Predicting the effects of genetic variants on chromatin accessibility with a deep learning approach - PROJECT SUMMARY/ABSTRACT
This project will assess a deep learning approach for predicting the effects of genetic variants on chromatin
accessibility (CA). Currently, there is a knowledge gap in understanding the function and causality of genetic
variants in human genetics research since over 90% of genetic variants have been found within the non-coding
region of the genome. GWAS studies have provided us with information about these genetic variant
associations. However, this research has yet to establish the molecular function of these genetic variants.

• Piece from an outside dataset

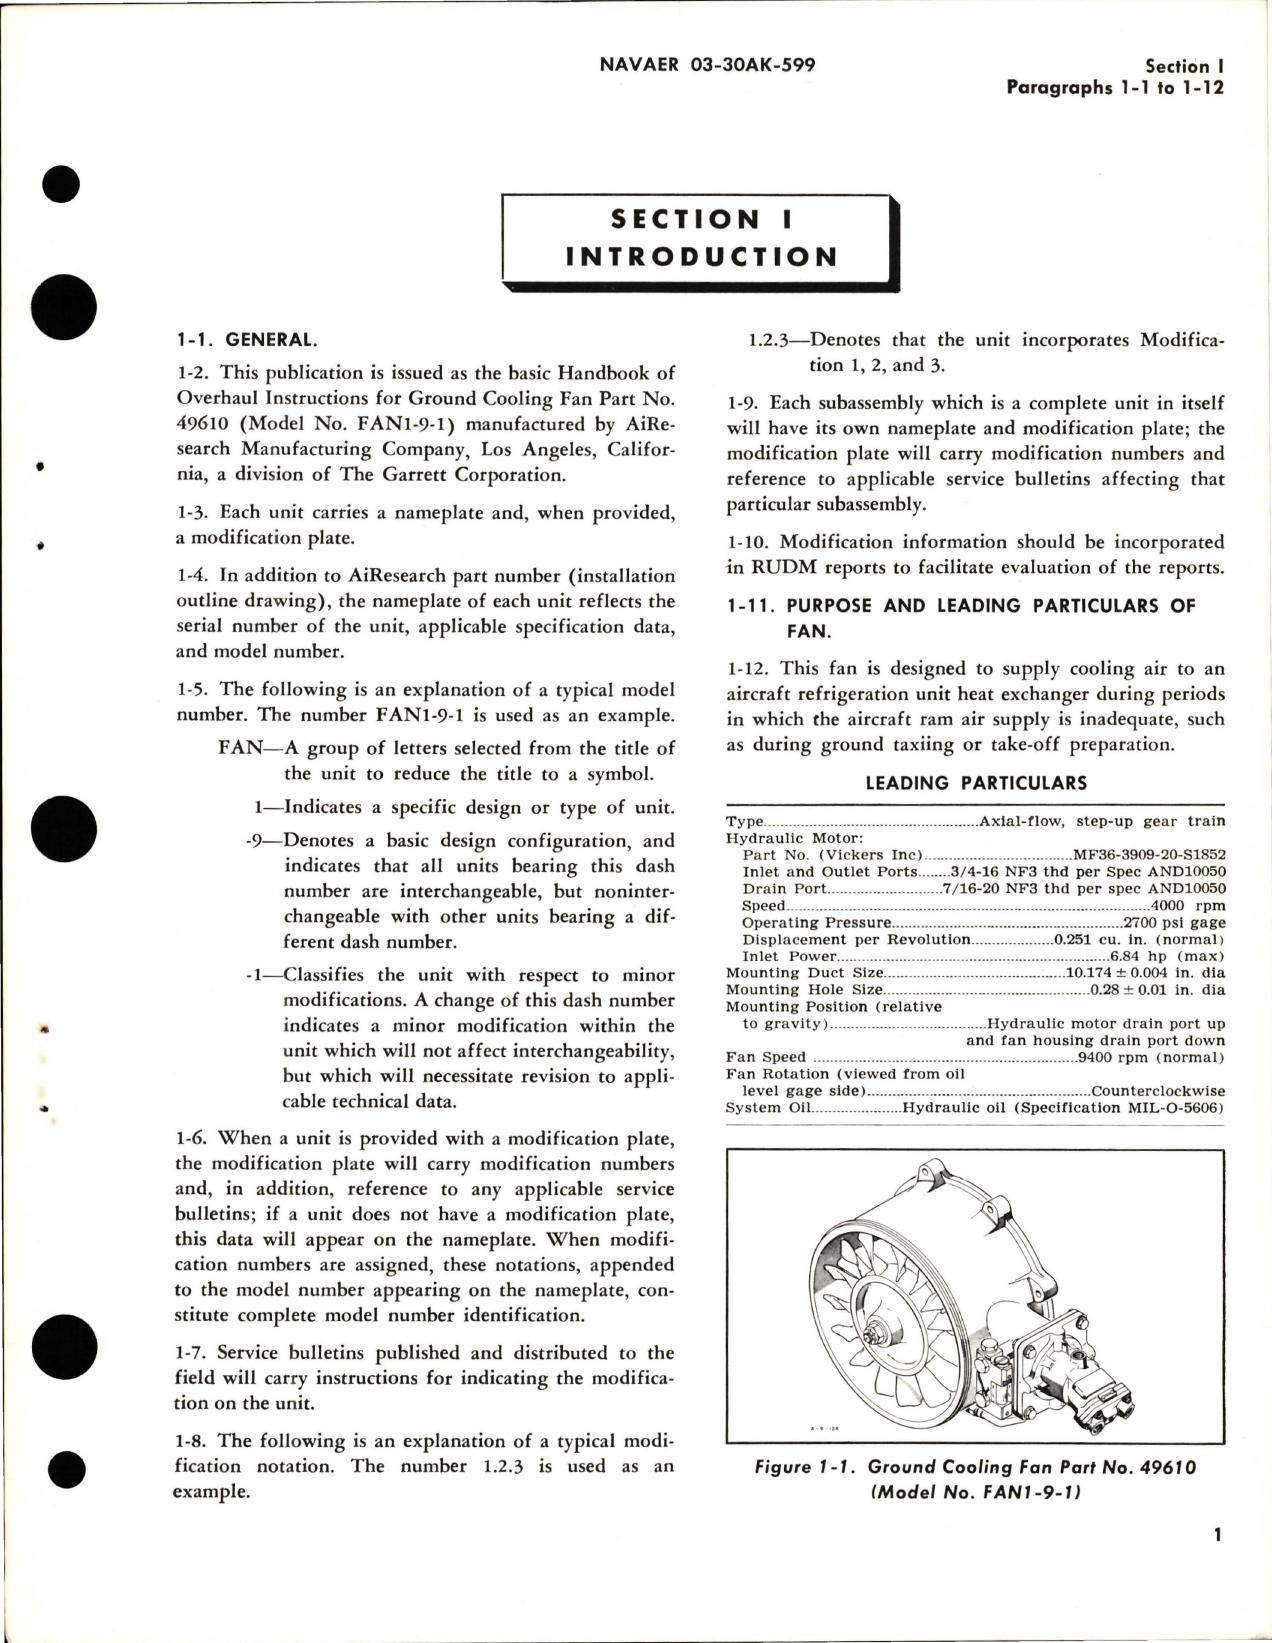 Sample page 5 from AirCorps Library document: Overhaul Instructions for Ground Cooling Fan - Part 49610 - Model FAN1-9

Molecular quantitative trait locus (QTL) analysis has been used to determine variant function, and the
identification of variants associated with molecular traits such as caQTLs. However, due to linkage
disequilibrium, the identification of causal variants found from molecular QTL analysis is ambiguous; thus, they
lack the power to identify associations with rare genetic variants. Furthermore, it has been shown that
allelic-specific information, including allele-specific chromatin accessibility (ASCA), can increase the power to
detect caQTLs, potentially improving machine learning model predictions. An alternative approach to
determining variant function are machine learning methods, which have been utilized to determine the
molecular function of genetic variants and have achieved success at predicting gene expression, CA, and
transcription factor binding from DNA sequence. However, these machine learning models are solely trained
on reference genome sequences and do not consider human genetic variation. The key focus of this research
proposal is to investigate the hypothesis that a machine learning model that utilizes genetic variation and
allele-specific information will accurately predict the effects of both common and rare genetic variants on
chromatin accessibility. To investigate this hypothesis, here are two specific aims: Aim 1 will develop a
variant-aware neural network to predict the effect of genetic variants on CA. Aim 2 will predict the function of
rare genetic variants. In summary, this proposal strives to establish improved predictions of the molecular
function of genetic variants found in the non-coding region of the genome by assessing the utility of genetic
variation and ASCA with a deep learning approach. The proposed study will lead to the ability to predict the
function of rare genetic variants, which are likely to be highly important to disease traits, but whose function
cannot currently be uncovered utilizing QTL-based methods. This training plan will provide the applicant the
opportunity to (1) develop expertise in machine learning in genomics, (2) gain skills in CRISPR-based genome
editing, (3) improve scientific writing and communication skills, and (4) develop mentoring and teaching
aptitude. These professional training goals will provide the applicant with the essential training and scientific
experience required to obtain a postdoctoral fellowship and thereafter become an impactful independent
research investigator at an R1 University.